=== Action item ===
Only the lines below from the one with "Market in Ollantaytambo" through the one with "Copriwater ovale Originale" are to be written out, exactly and without any images.

=== Dataset ===
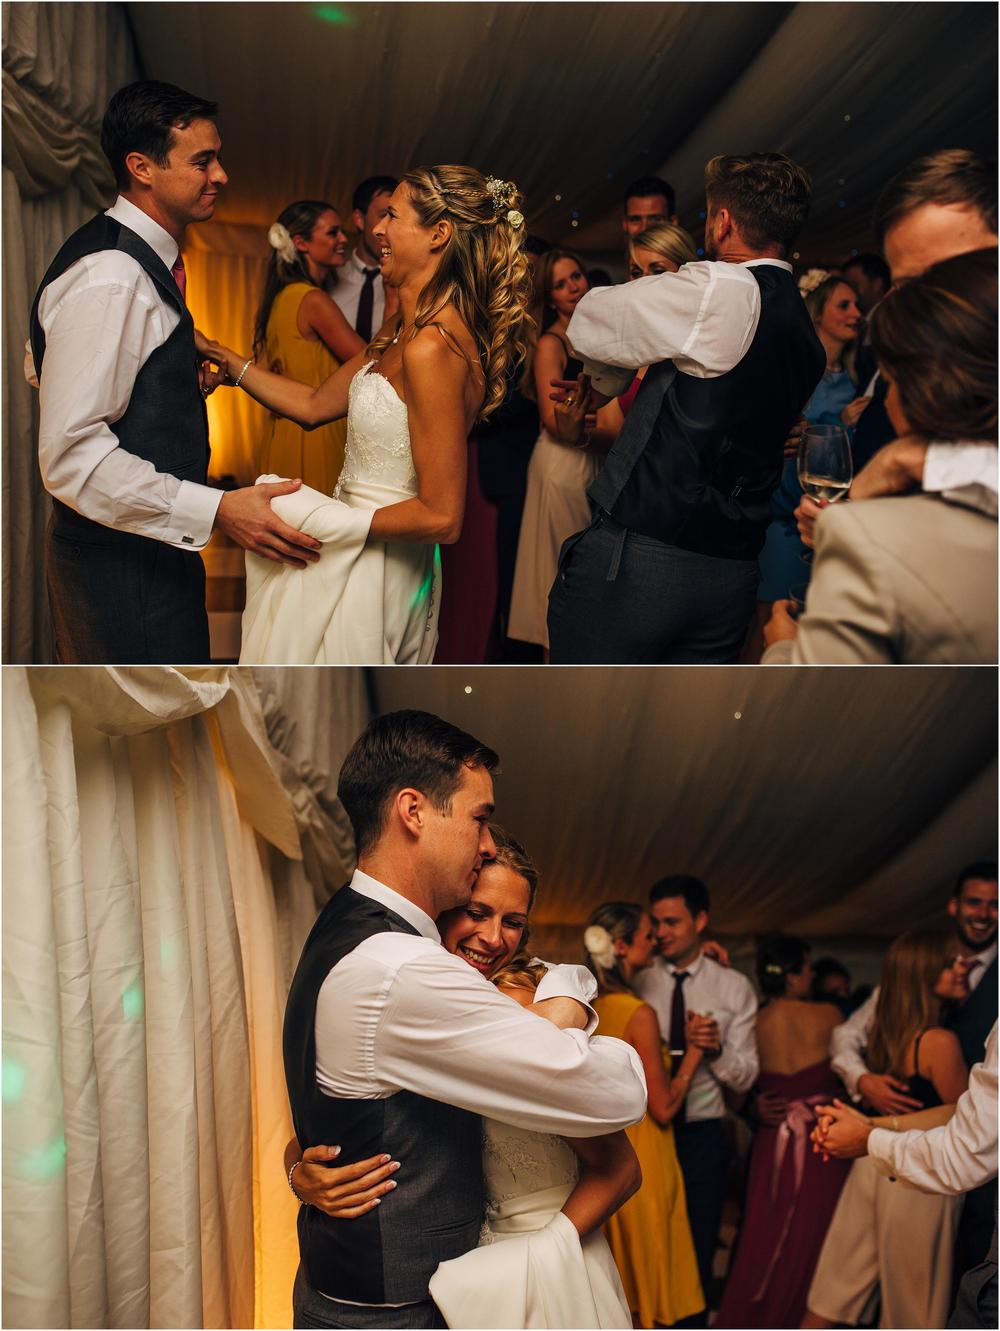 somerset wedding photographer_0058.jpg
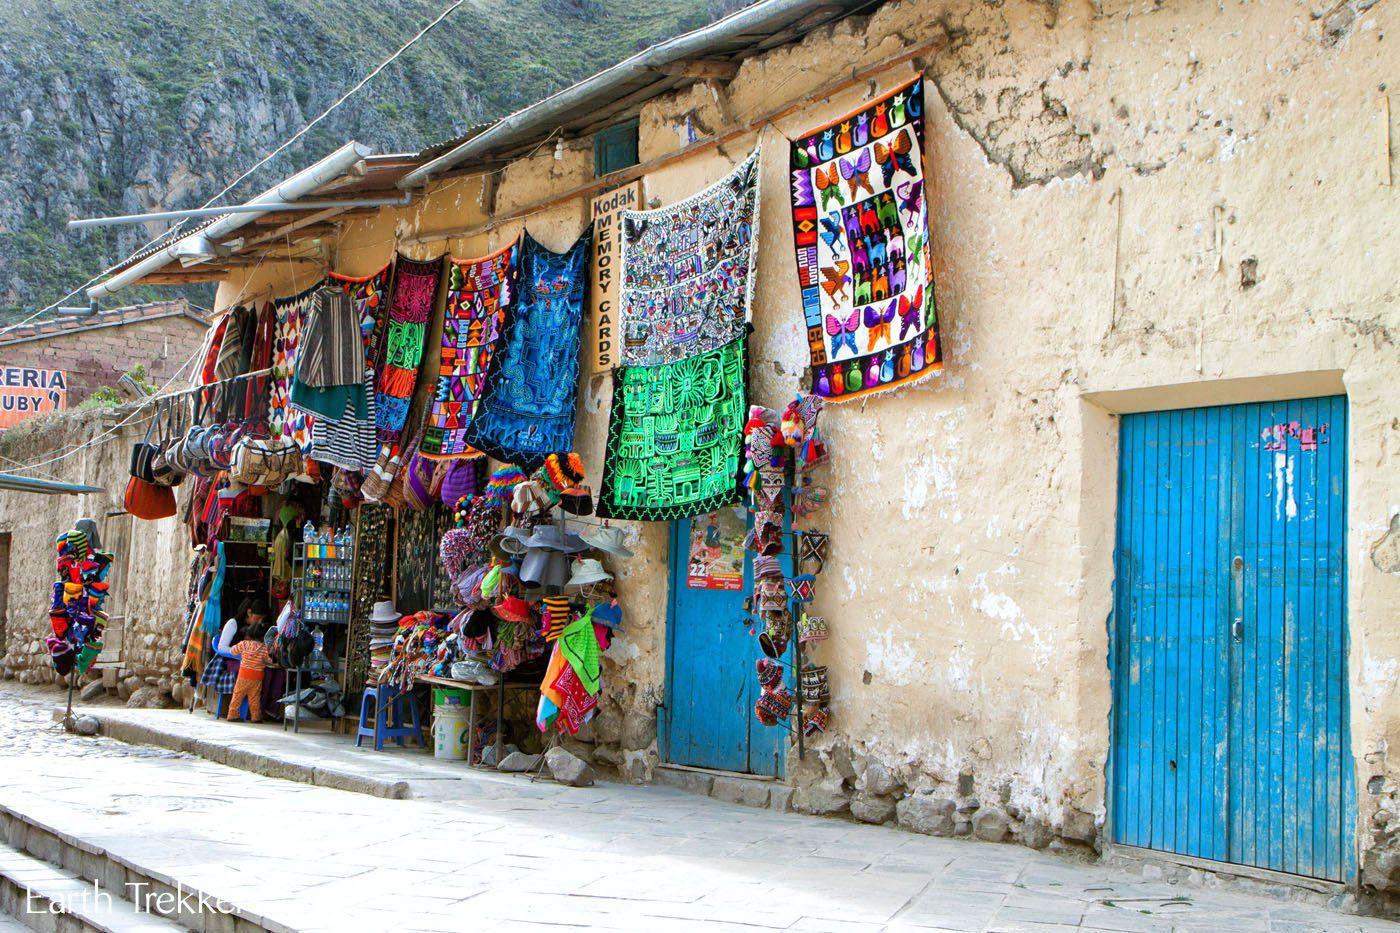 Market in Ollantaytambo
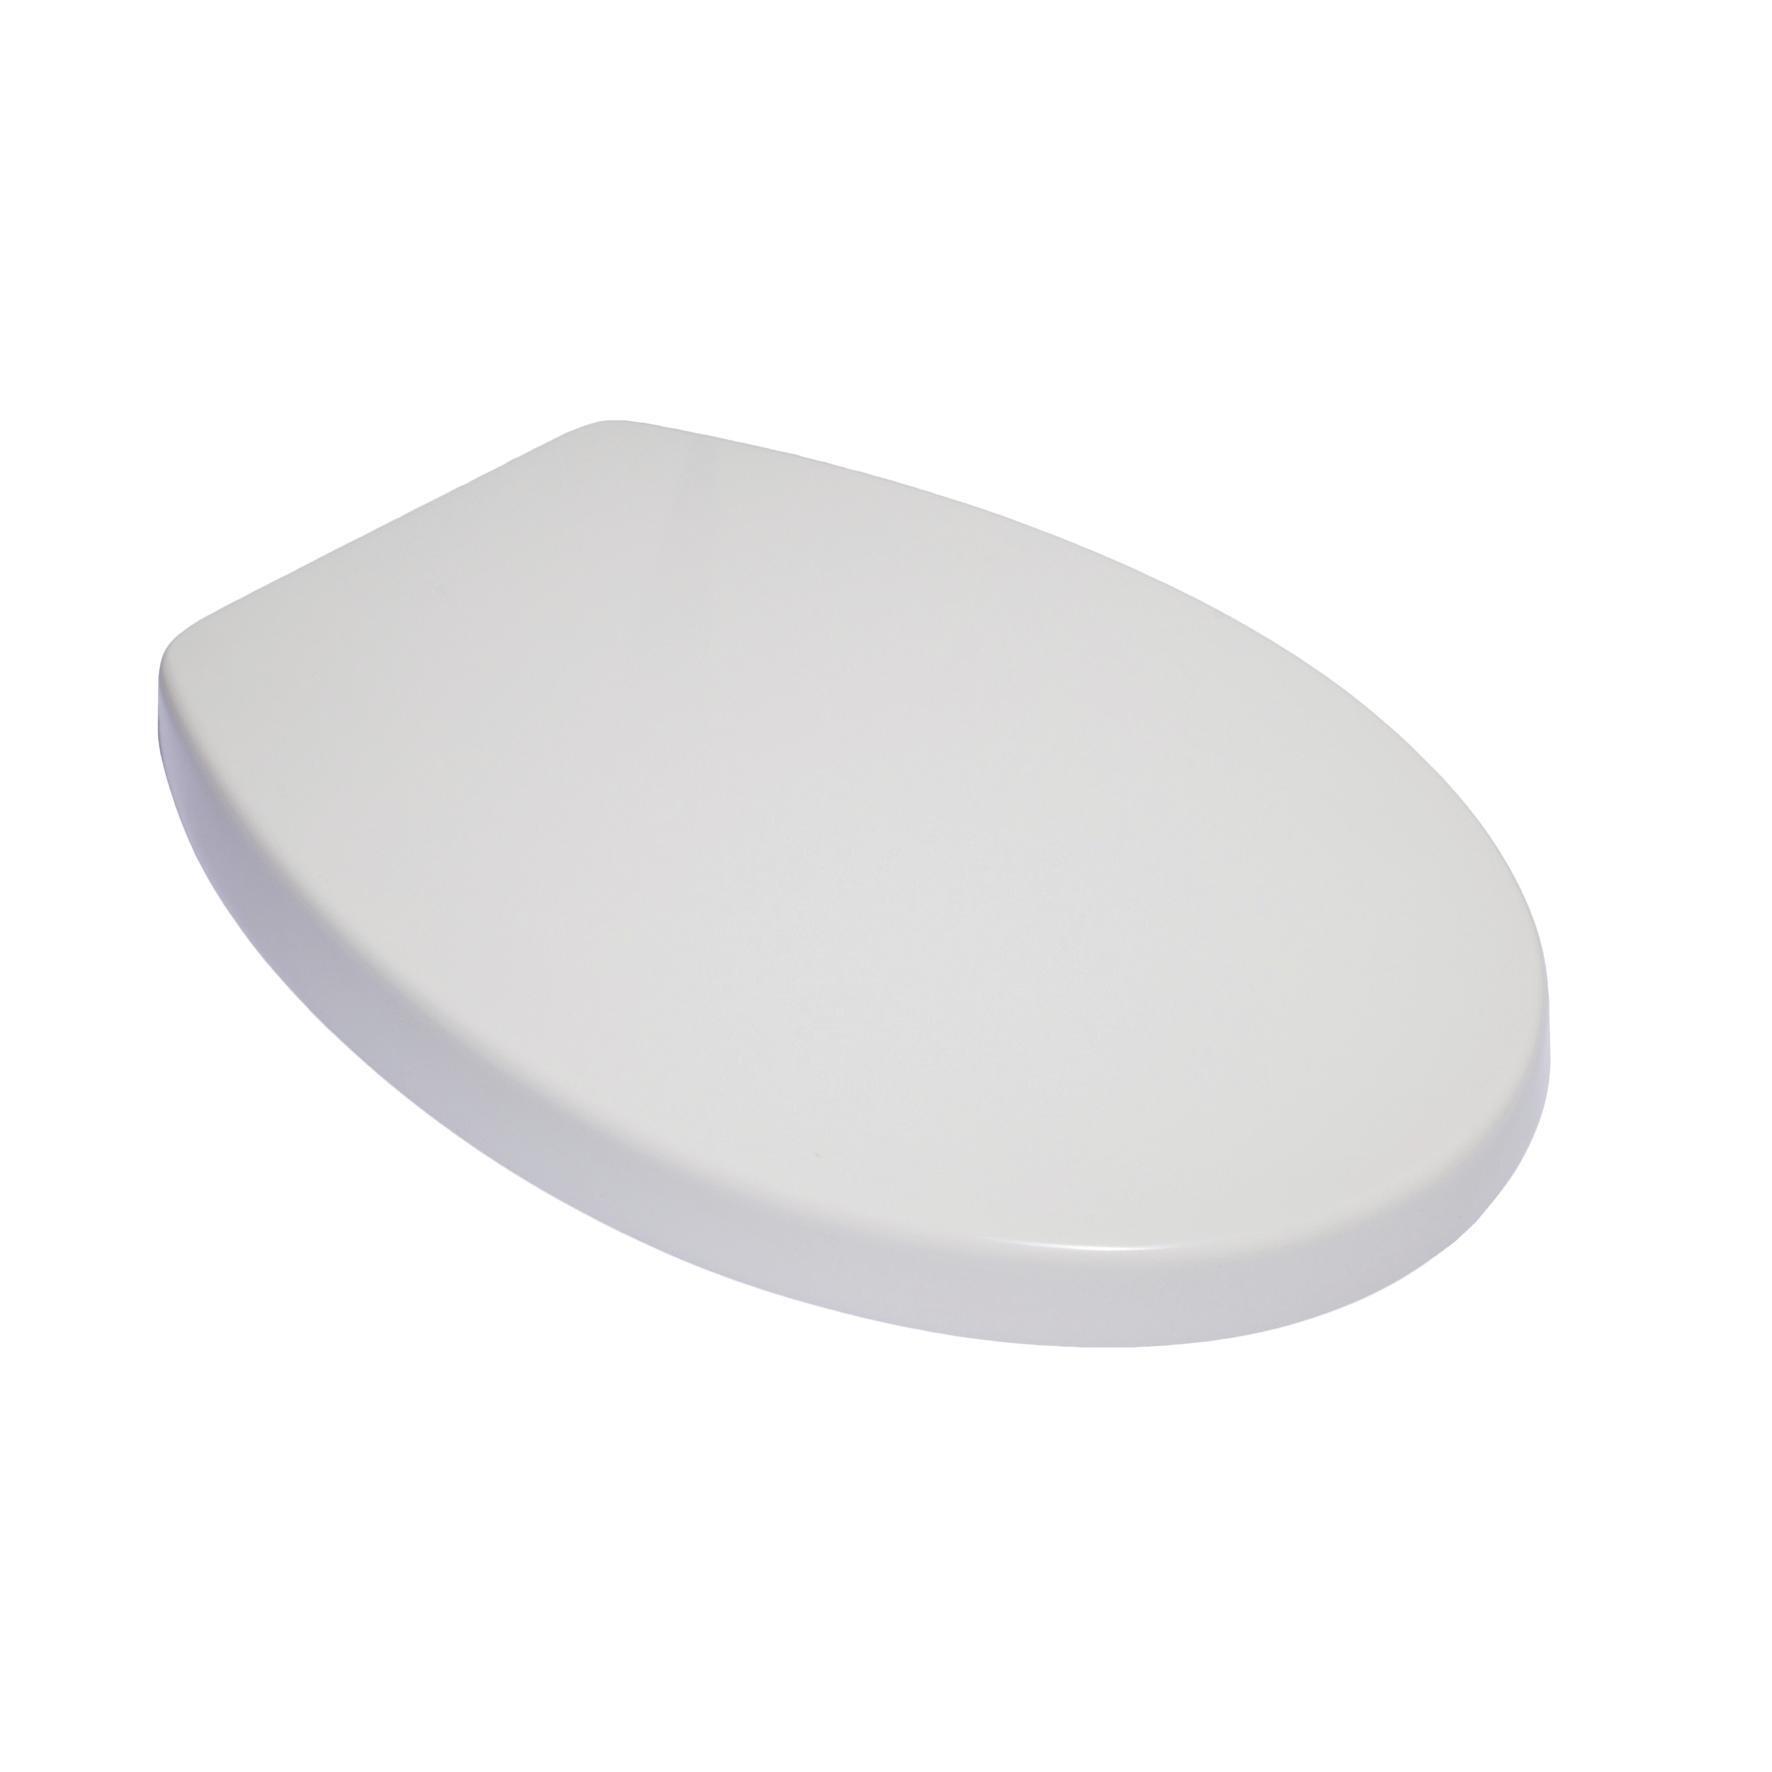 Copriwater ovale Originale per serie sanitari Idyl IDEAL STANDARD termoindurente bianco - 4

---

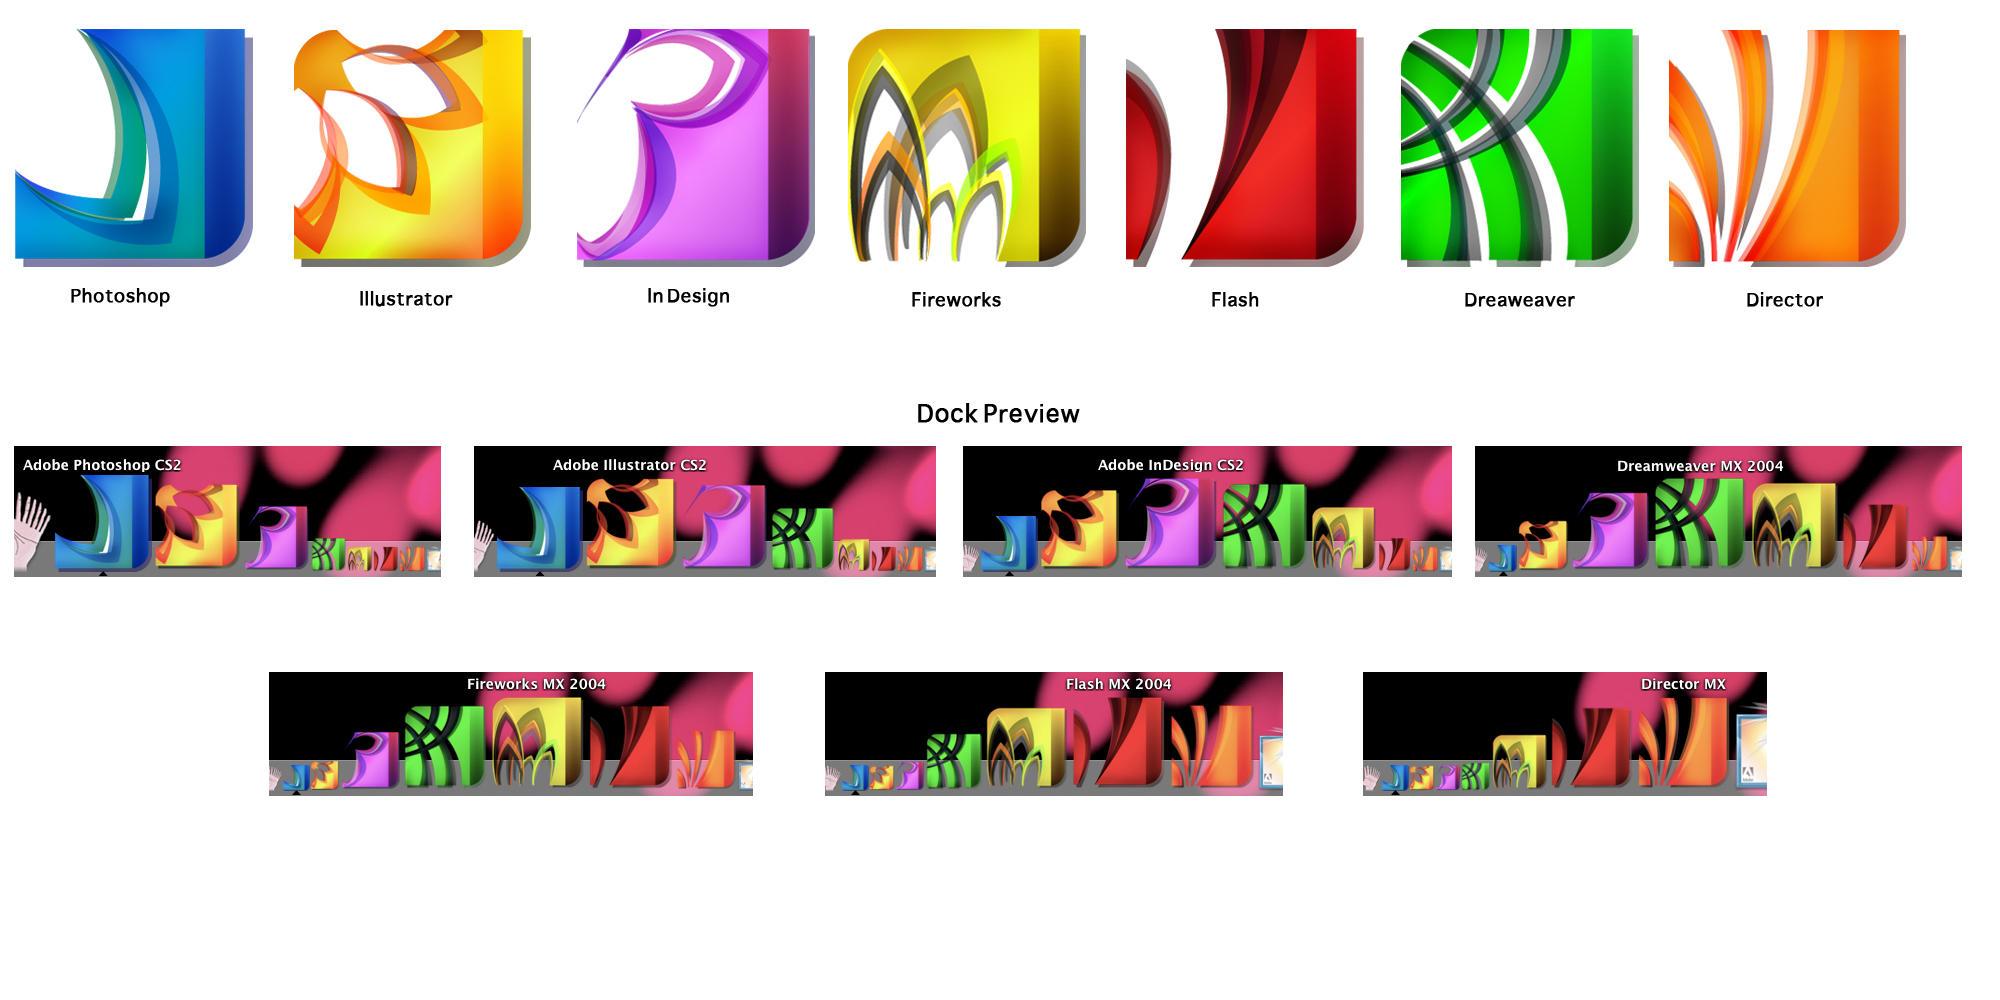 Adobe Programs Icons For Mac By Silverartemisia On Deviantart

=== Your solution ===
 Market in Ollantaytambo
 Copriwater ovale Originale per serie sanitari Idyl IDEAL STANDARD termoindurente bianco - 4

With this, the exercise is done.